In my case, any more, when I get a new Fuji, I call Frank Marshman on the East Coast and ask him if I can send him another Fuji for checkout and adjustment. I just called him this week to send another G690bl and lens. I got one back from him about 6 months ago, all adjusted, but the slow speeds on the lens were too far out for him to adjust and correct.

20-30 year old equipment, right, and we don't know it's history. Yes, I'd encourage you to have it checked out, since your experience is not consistent with a good, well adjusted clean example.

Last, scanning... PITA and I don't do it any more. I've had three supposedly capable Epson flatbeds. Too frustrating for me. Others can do it better for money. I will either have prints made from negs or transparencies by a good lab, or I will have a pro lab scan the images, especially medium format.

I may suggest that these processed film images do NOT have to be digitized to be usable. People still print from enlargements and wet processes.

Try it once, AFTER you check out the camera and have it serviced.

Good luck. Your selection of the Fuji GSW690 II should create images to be proud of. I don't shoot the wide versions. Too much stuff in the frame once you see how big it is. I have had the 65mm lenses (3) but always end up selling them. Too wide for me. Never been happy with wide images.

Well OK. that got long too. Sorry bout that.
 
"The.ronin," Yep thats pretty much it,except if you are scanning a negative,use the professional settings and set the film setting to (say B&W,if it's a b&W negative),scan at what ever resolution you want (400dpi is about the max you can use on a 6x9 and be able to post it here) and then when its previewing is done,at the top let of the window that comes up,click on normal;after that ,outline the negative with your mouse and scan. That took longer to explain than it does to do it.I'm quite pleased now with my V600 after this simple improvement .
Regards,Peter
 
Whoa marko, thanks for the examples!!! Yes, there is more depth more character it seems with your versions. Before I waste your time with stupid questions, I will be researching into these curve adjustments particularly dodging and burning.

Moto-Uno, believe you me, I'd much spend a few bucks on scrap glass if I can. Can you elaborate though? Or is it as straightfoward as you describe: lay negative directly on flatbed, lay glass over negative, close scanner lid, scan like I would scan a photo (not as a negative) and convert to positive in the scanner software or photoshop?

Sure thing. There are no stupid questions to me....Feel free to ask and I'll do my best to explain...Another tip would be during pre-scan I would make sure that your tones are all there and that there is no clipping. When you bring the image in Photoshop to you start tweaking the with adjustment layers...

Marko
 
Have you put the negs on a flat translucent surface like a light box, and looked at them magnified through a loupe? That will allow you to see if the focus is perfect.
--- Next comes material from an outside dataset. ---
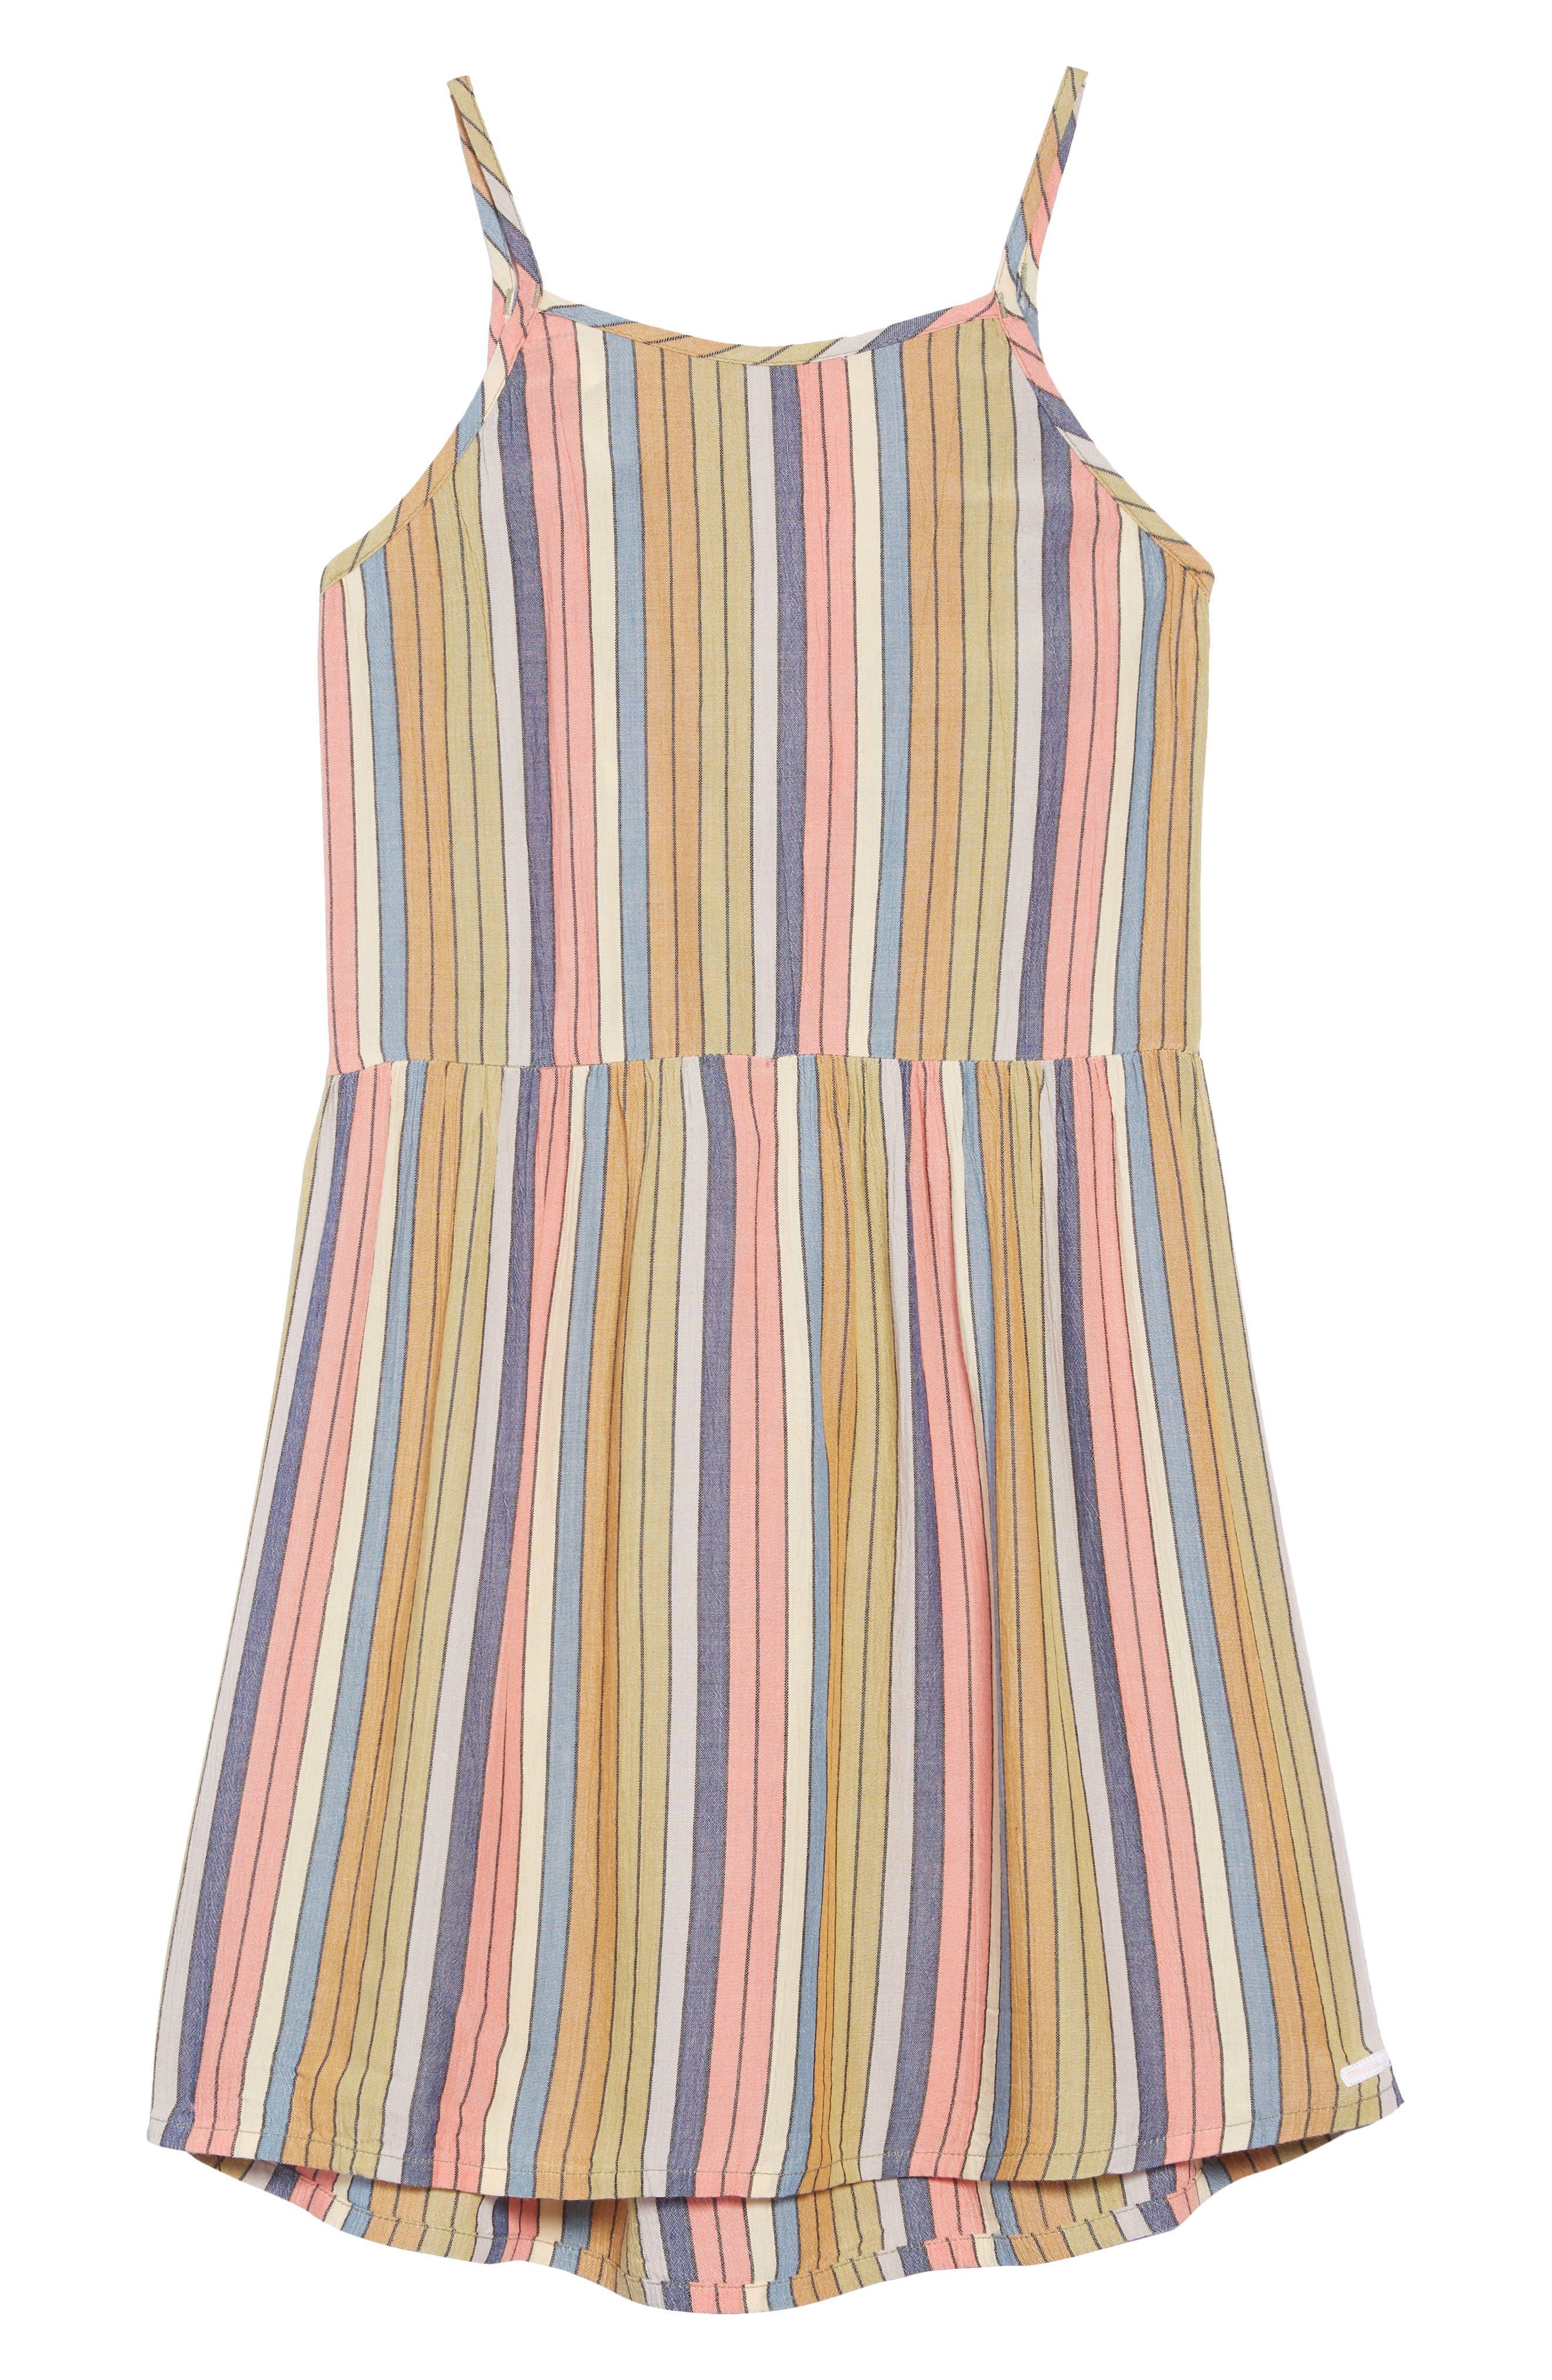 O'NEILL, Berlin Stripe Sundress, Main thumbnail 1, color, 994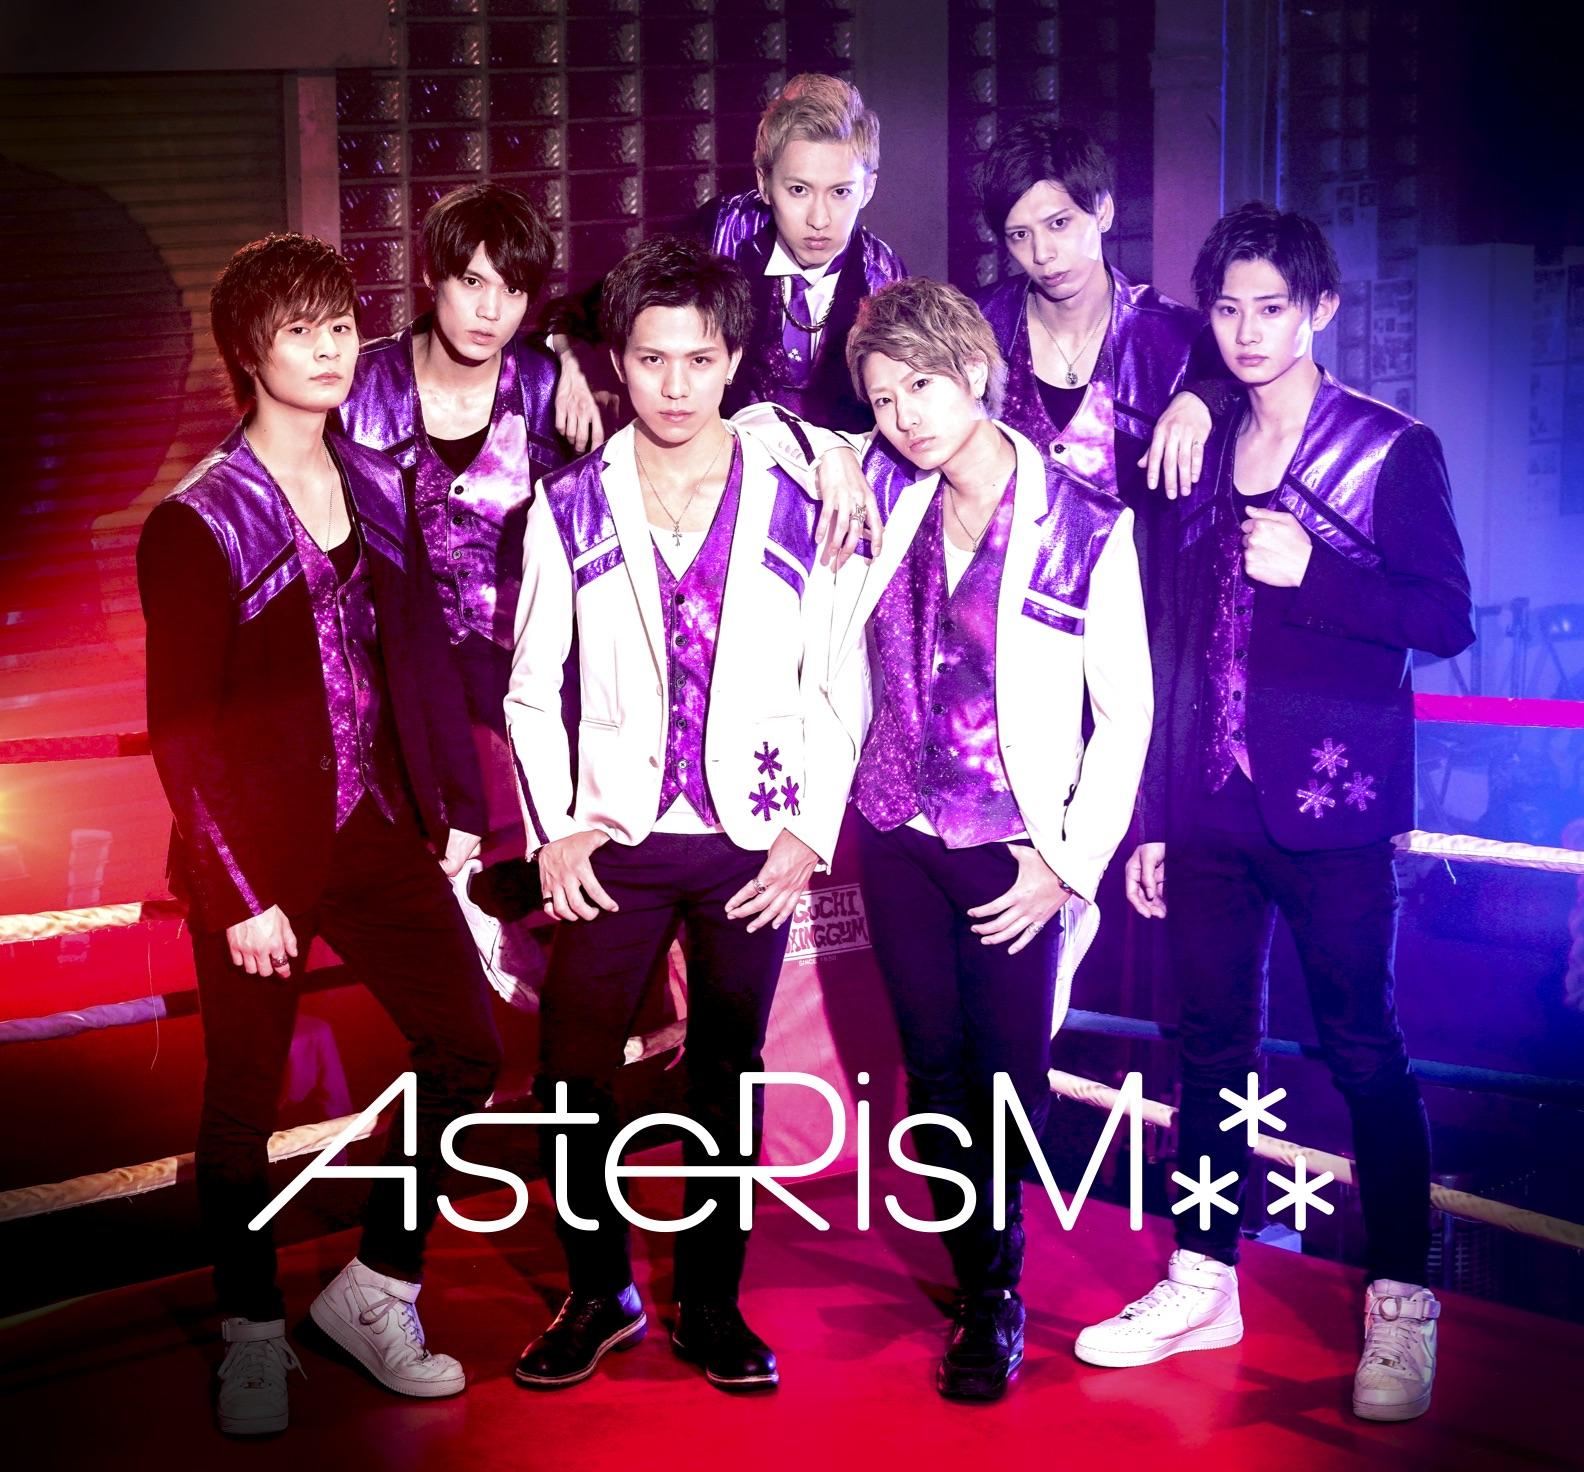 12/4 AsteRisM⁂ワンマンライブ -AsteISM-

With a little experience and practice you will also be able to assess whether the negative density is within normal range, i.e. not over- or under-exposed.

Don't forget you can make contact proof prints as well - you will need a glass sheet to hold the negs flat against the paper on a flat surface in a darkroom/blacked-out laundry/closet; safelight; developing trays and chemicals. I scan my bw negs and post process in Lightroom, however, I understand there is a difference between prints from the same neg using a scanned and digitised workflow to an inkjet printer, compared to using a traditional wet workflow.

I find putting my 120 negs in protective sleeves and leaving in a heavy book overnight gets rid of any longitudinal curl.

As mentioned above, when scanning set the black and highlight clipping points at either end of the histogram in your scanner software; I set the midpoint a 1.00. With 120 film I don't use scanner USM (unsharp masking) as I find that introduces artefacts - YMMV.

Most post processing software gives you a lot of control over tonality, provided you get the scan right in the first place.